I met Escalante once in the late 1980's at a black-tie affair in Washington. But, the more memorable encounter took place a couple of years earlier, while I was in college. I had placed a long distance call to Garfield High School and left a message. A student group on campus wanted him to speak. To my surprise, after seeing a message that the school receptionist had scribbled down as being from simply "Ruben at Harvard," he called me back. To my amusement, I soon realized the reason he did was because he thought I was another Ruben at Harvard -- a former student.
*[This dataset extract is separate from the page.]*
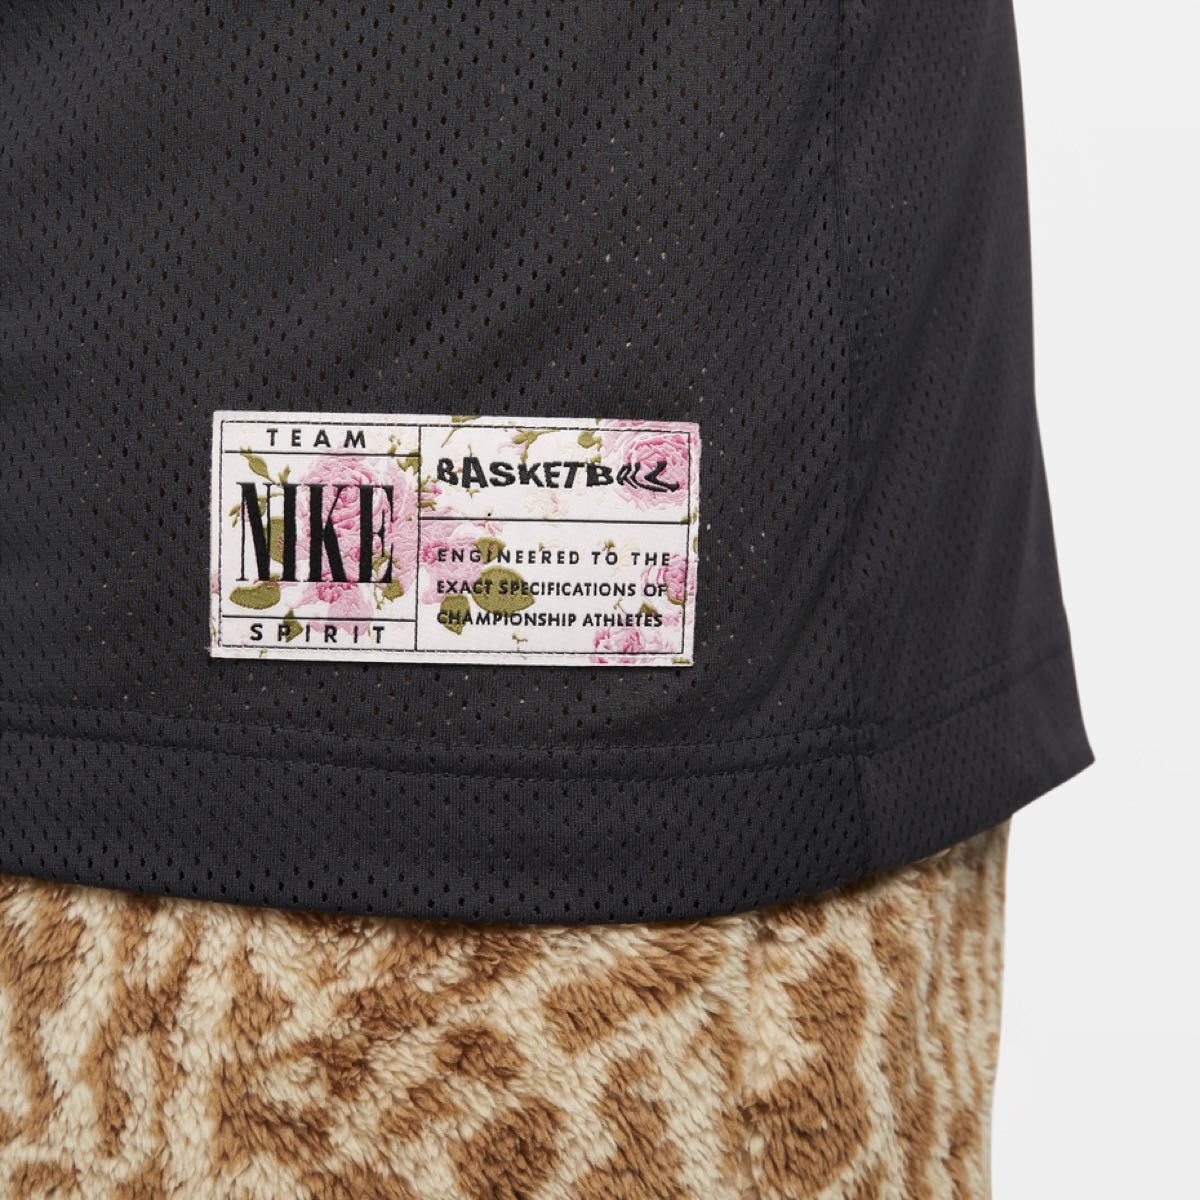 NIKE BASKETBALL ゲームシャツ タンクトップ ナンバリング ブラック レッド バスケ スラムダンク 新品 L

For a lot of public school teachers in America, especially those who teach socio-economically disadvantaged kids, that kind of call might be unusual. Not Escalante. His former students from Garfield were sprinkled all over the Ivy League -- not just at Harvard, but also at Yale, Princeton, Columbia, Cornell and other universities.

I'd sometimes meet them at student conferences, and there was always something special about them and how they carried themselves. There was that badge of honor, that additional bit of confidence that came from being one of an elite group of high achievers who demolished the low expectations of others. These were Jaime's kids.

That's an impressive legacy -- and, in the case of an extraordinary educator who still teaches us what's possible in our public schools when you ditch the excuses, and have the ganas to make it happen, a well-deserved one.

The opinions expressed in this commentary are solely those of Ruben Navarrette Jr.